Wednesday, August 15, 2012

Dodged a Bullet


            It was about three weeks ago a man shot several dozen and killed one dozen in a movie theater in Aurora, Colorado.  Yesterday a man dropped a handgun he had brought into a movie theater in Sparks, Nevada where it discharged, injuring him in the seat of his pants.  Between the shooting in Colorado and the accidental shooting in Sparks, I took my two sons to see the movie from the former shooting at the theater of the latter. 
            Soon after the Colorado shooting many gun/second amendment supporters suggested that if there had been armed civilians in the movie theater the night a mad man came in, the death toll would have been smaller, perhaps even restricted to the mad man himself.  Maybe that’s what the Sparks man was thinking when he walked into the theater with a handgun in his pocket.  I suppose the attraction to be a hero who stands up and guns down a possible murderer is pretty powerful.  Imagine the entire country finally seeing a killing was prevented by a man who legally owned and carried his weapon on the national news.
            Unfortunately what happened in Sparks was far more likely because statistically the chance of a gunman bent on murder entering the same theater as a legally armed civilian is very unlikely, but instead it’s statistically more likely an owner’s gun causing harm to himself and those around him.  This man is also very lucky that when his weapon fell out of his pocket the bullet didn’t hit another theater patron.
            Others will argue that more and more civilians should carry guns all the time, bringing the odds of the murderer and the hero being in the same place at the same time, allowing them to be Harry Callahan or Jack Reacher.
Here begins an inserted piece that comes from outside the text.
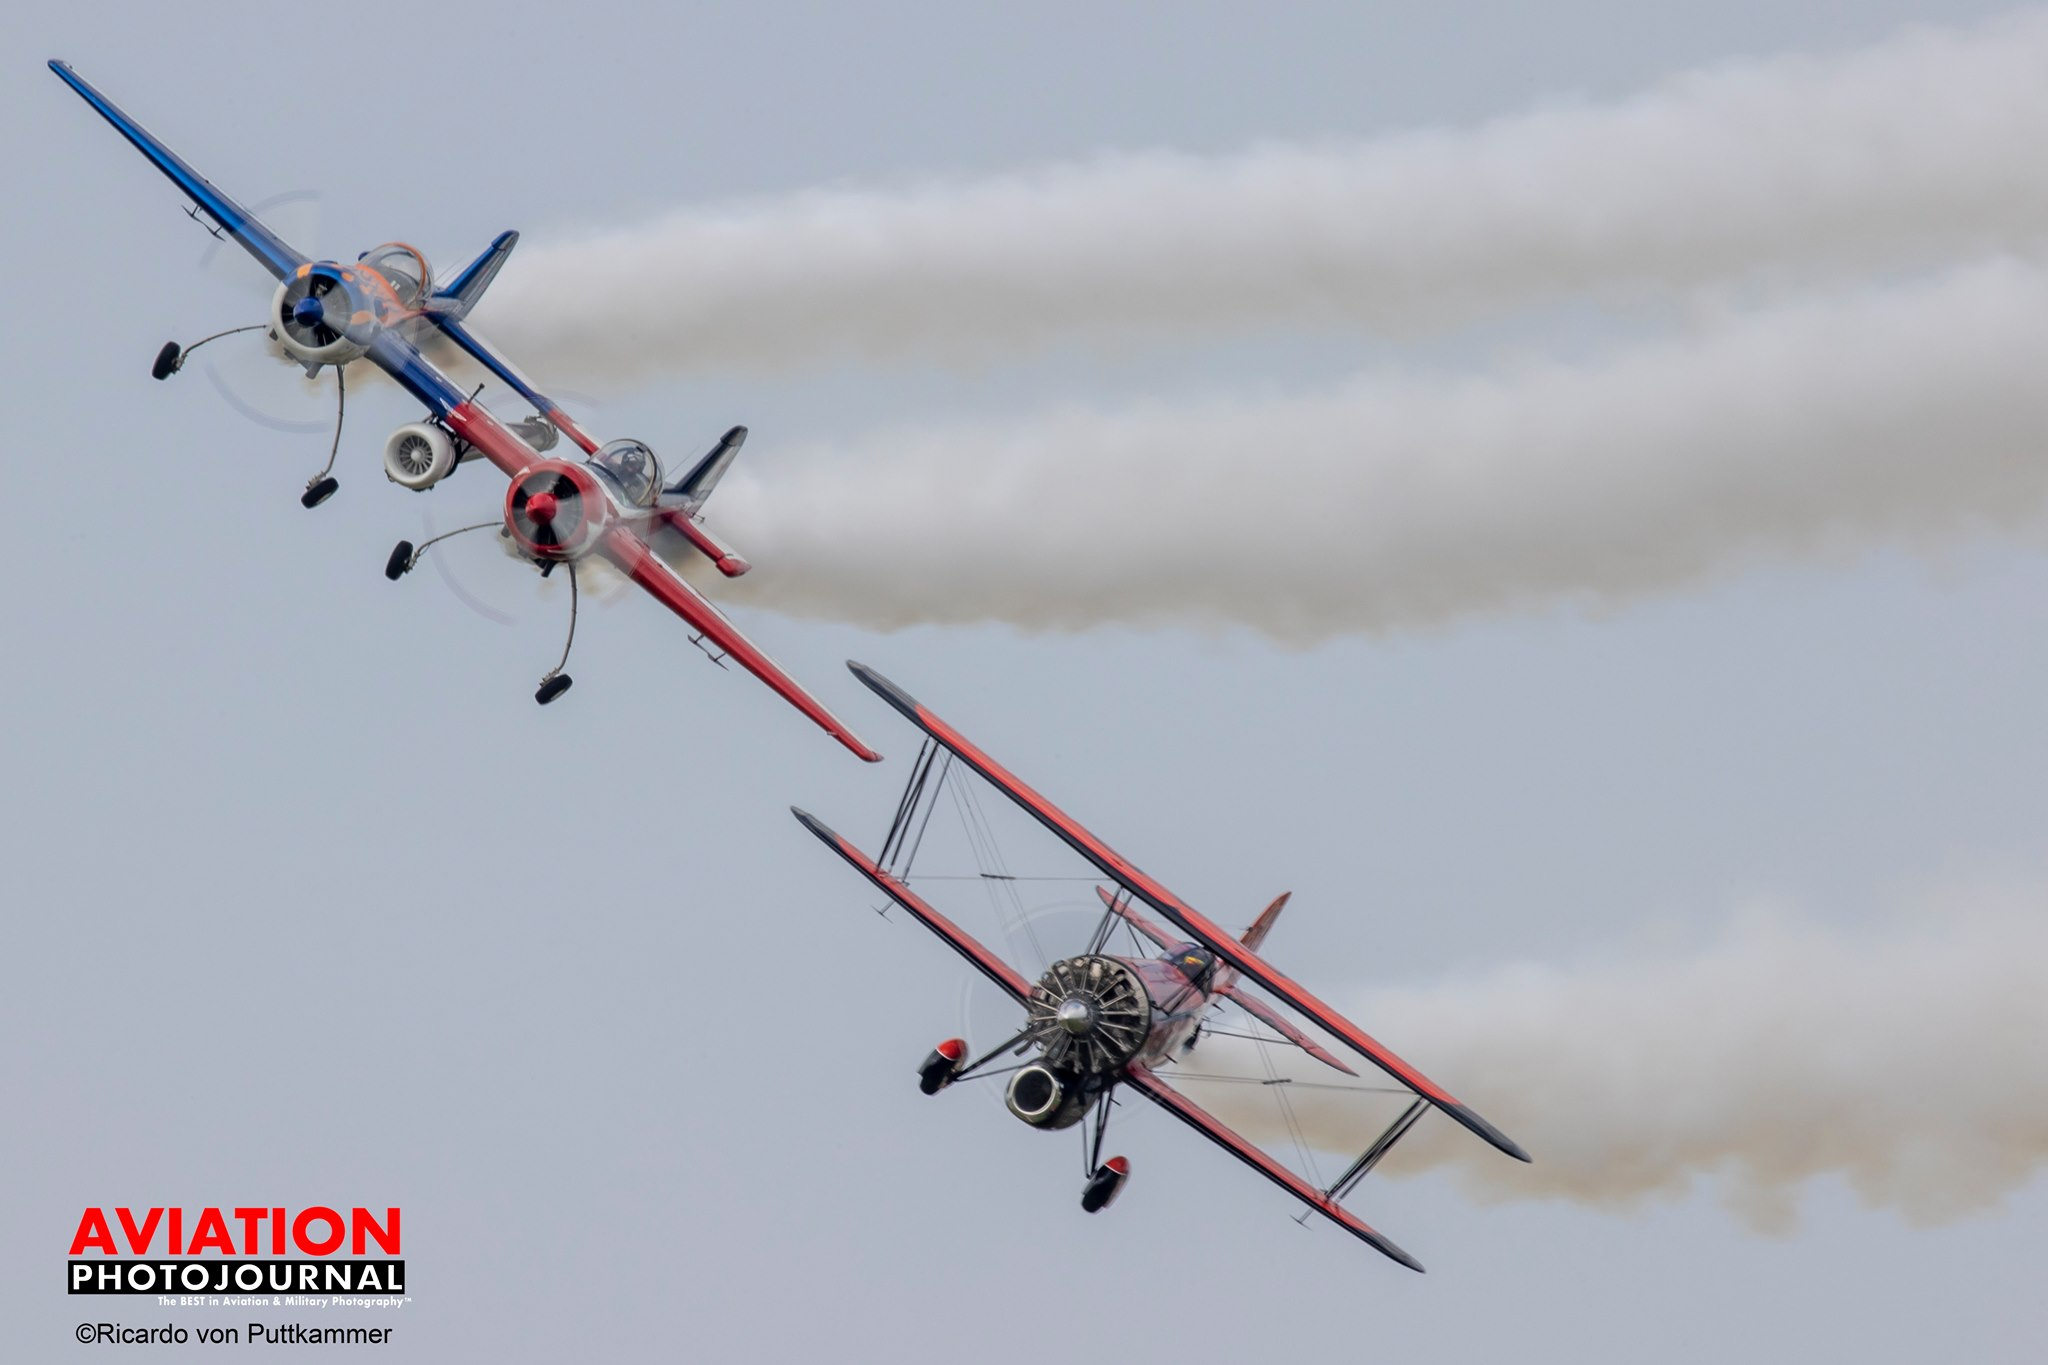 Elképesztő gépek: a Jak-55 kétszer és a Waco, plusz a sugárhajtóművek

But personally I don’t want to be in the theater/classroom/church when the gun battle starts, especially if the caliber of the “good guys” doing the shooting is represented by the gentleman who dropped his gun in Sparks yesterday.  (By the way, how likely is it that a dropped handgun discharges?  I’m just asking.)
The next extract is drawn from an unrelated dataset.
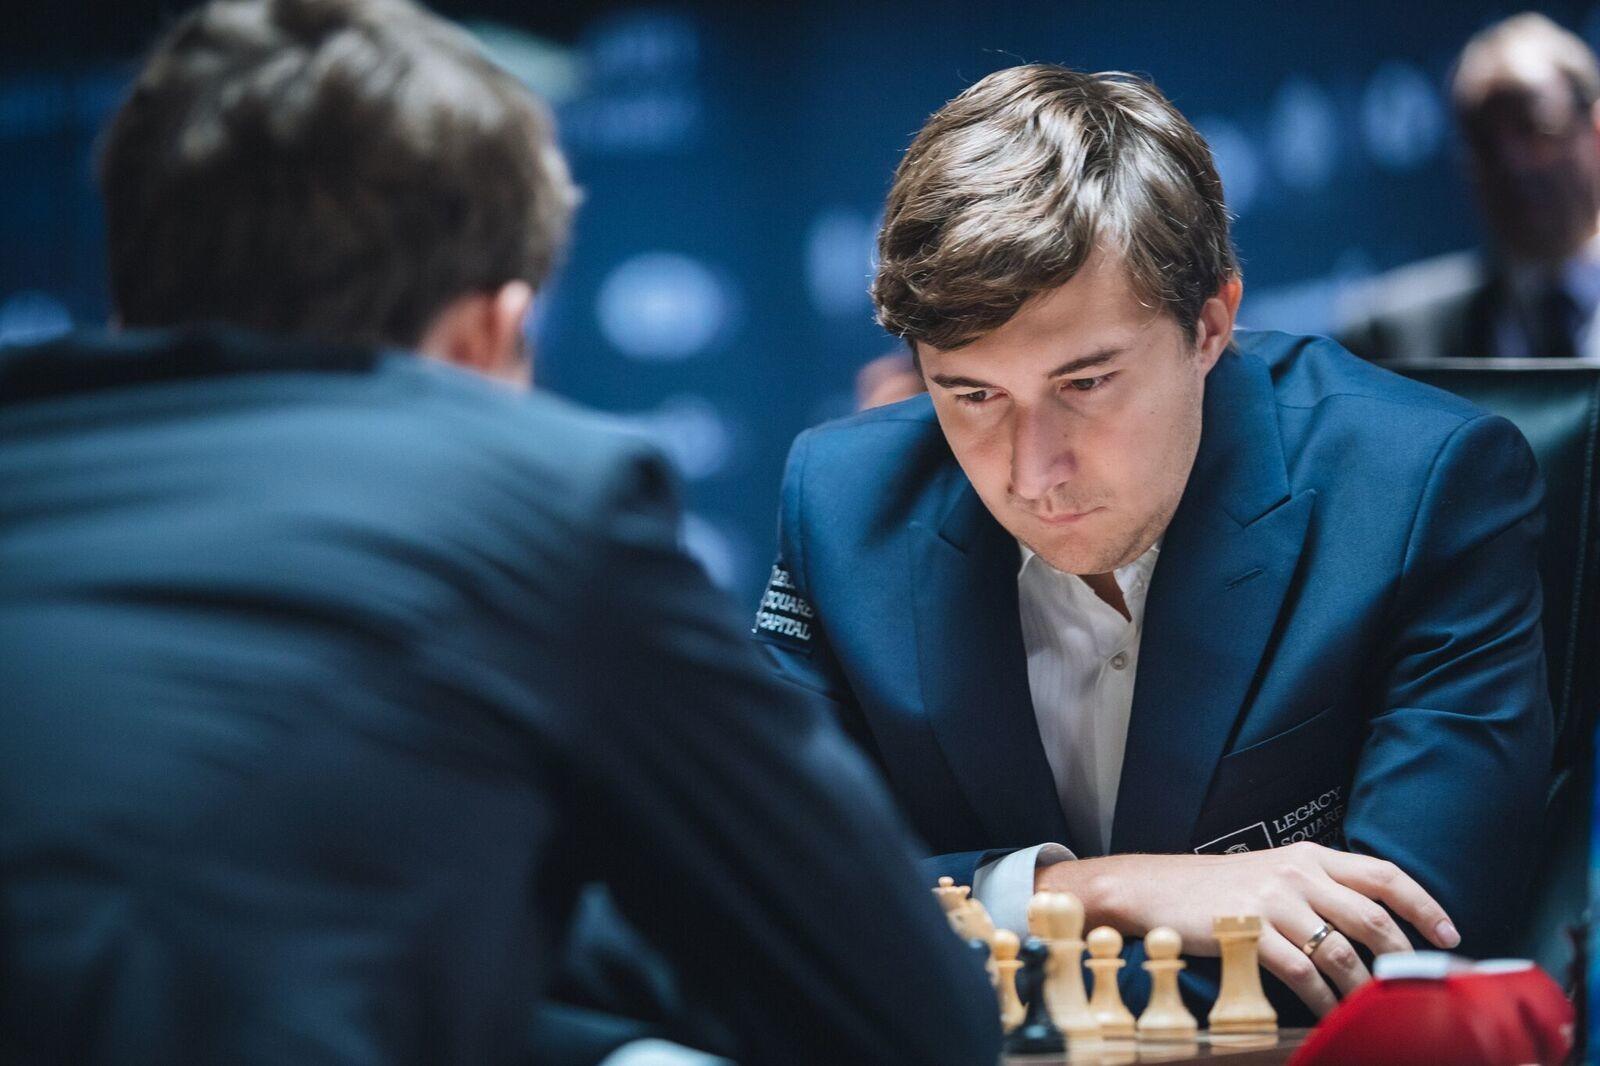 Шахматный овертайм: что ждёт Карякина и Карлсена в случае ничьей в последней партии

For two years I wore a M1911 .45 pistol in a holster on my belt while I was a boarding officer in the Coast Guard.  I remember it was nicknamed simply the Forty-five.  (Pictured above)  I qualified on it every year, twice a year.  I also went to a three week law enforcement training in Modesto where we went to the range every day.  I was expected to be able to un-holster it, click off the safety, chamber a round, and hit my target if the situation required it.  During those qualifying days I had all the time I needed to hit a target 25 yards away.  I usually qualified on the lower end of the scale.  Meaning I wasn’t a particularly good shot.  I can’t imagine my aim would improve with someone shooting back at me or others.
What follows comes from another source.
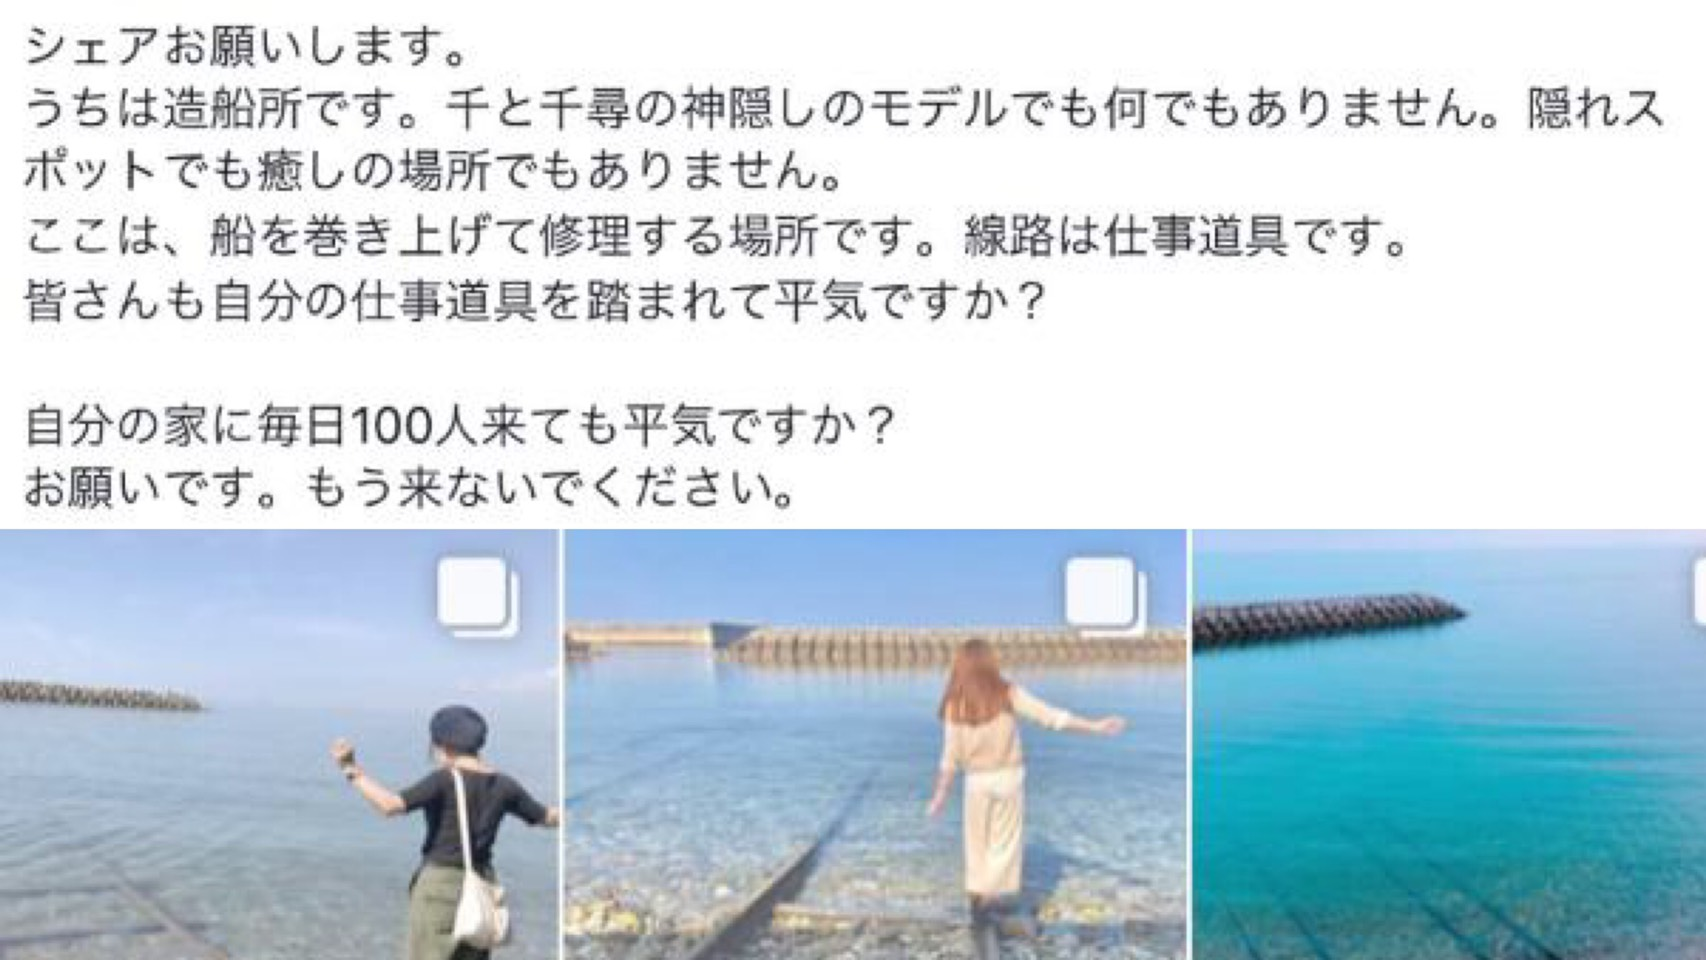 千と千尋の神隠しの「水の中の線路」のモデルというデマを流され愛媛県下灘駅の造船所に不法侵入が頻発!住民は大迷惑!

What am I saying?  I think while a hero standing up and taking down a man intent on murder looks great in books and movies, in real life it’s far too risky that innocents would be injured or killed.  Let’s not add more guns to daily public life, let’s instead rest safe in the statistically unlikely chance that a gunman will try to kill us as we watch movies, or go to school or church.  At least for now.

1 comment:

  1. Resting safely while we can seems a fine idea.